▶ **Work request**
The material below includes pictures; leave them out and return only the lines between the line containing "Deck The Halls & Very Merry Wood Boxes" and the line containing "Anime 1500x844 Alice: Madness", inclusive, word for word.

▶ **Stored data**
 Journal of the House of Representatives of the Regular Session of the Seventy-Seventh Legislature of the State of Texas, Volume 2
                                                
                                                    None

...

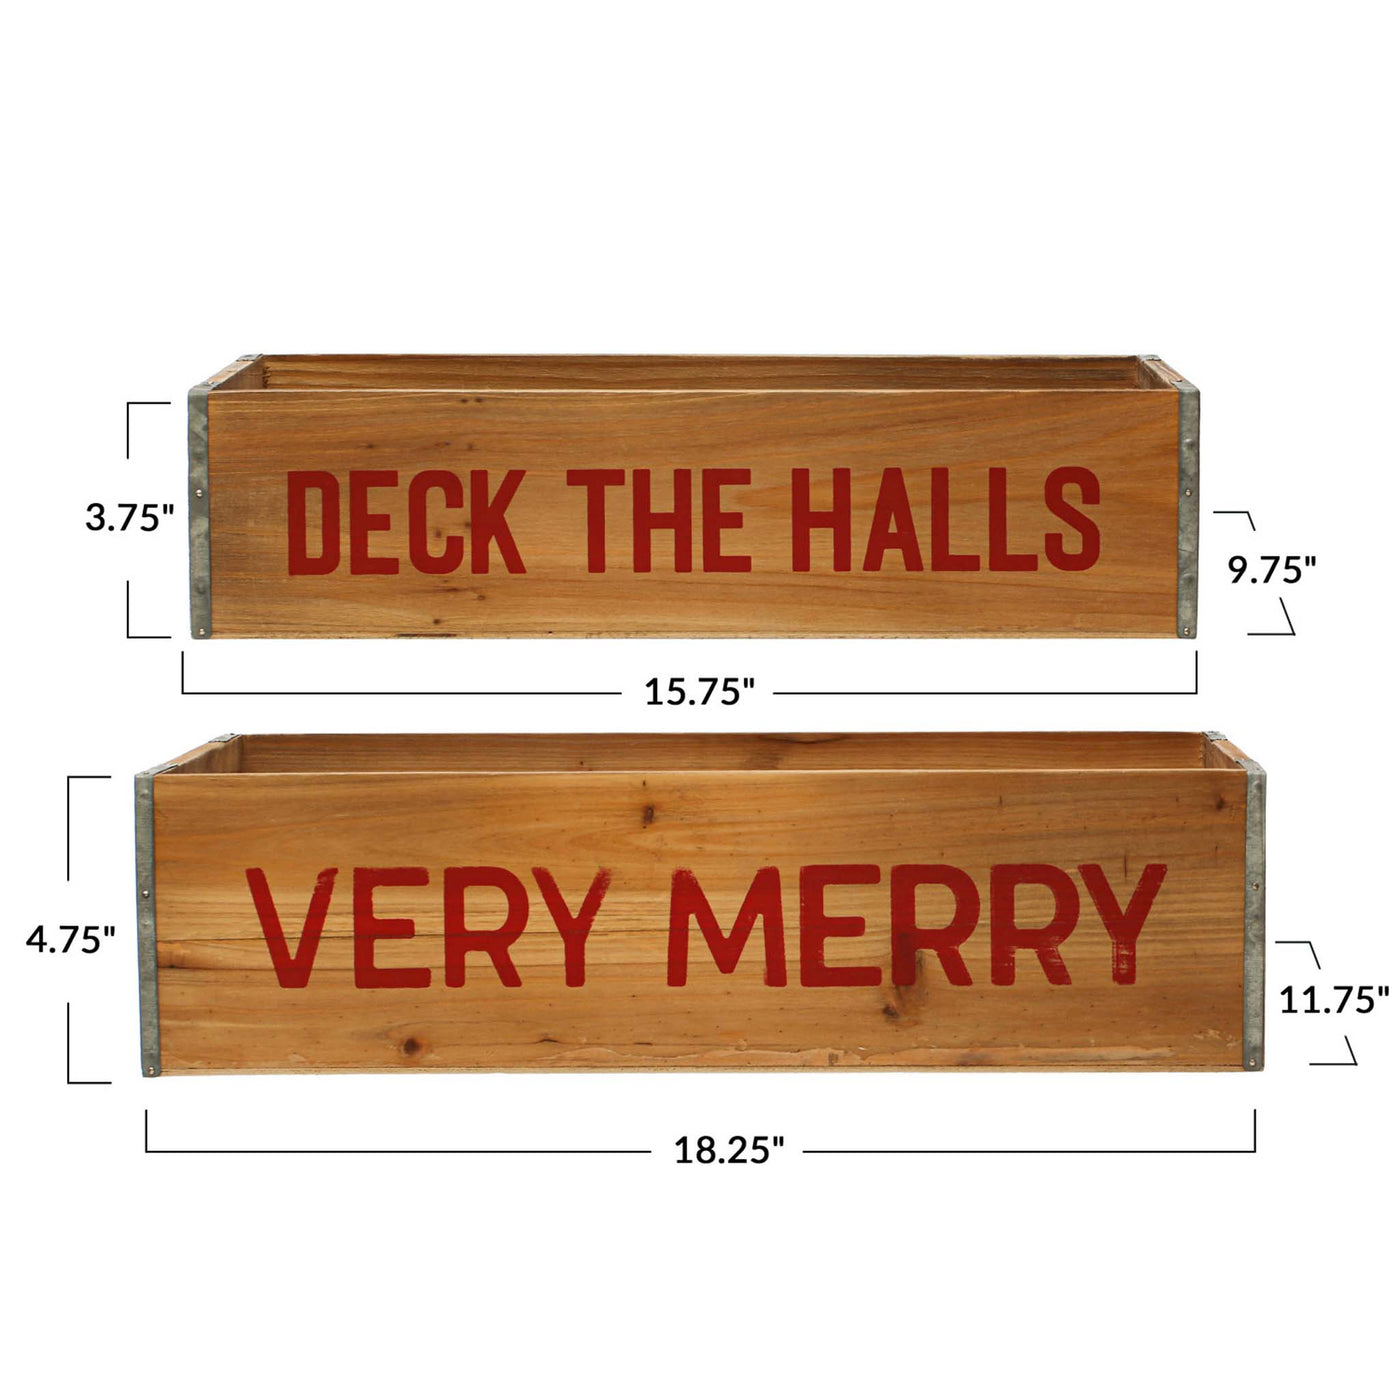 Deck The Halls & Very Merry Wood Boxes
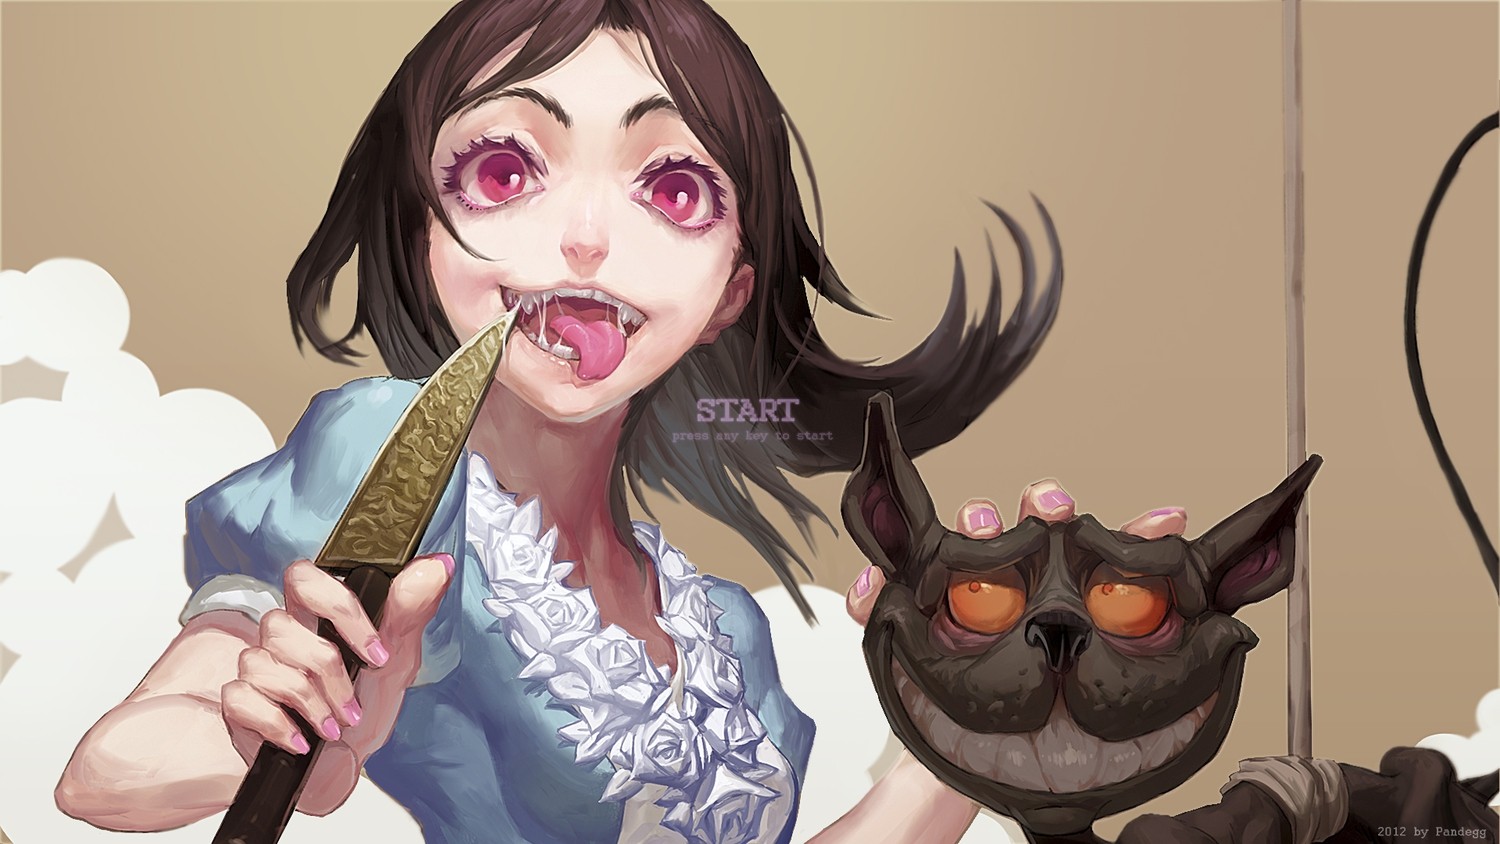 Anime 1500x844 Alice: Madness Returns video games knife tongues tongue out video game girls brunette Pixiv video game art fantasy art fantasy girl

▶ **Reply to the task**
 Deck The Halls & Very Merry Wood Boxes
 Anime 1500x844 Alice: Madness Returns video games knife tongues tongue out video game girls brunette Pixiv video game art fantasy art fantasy girl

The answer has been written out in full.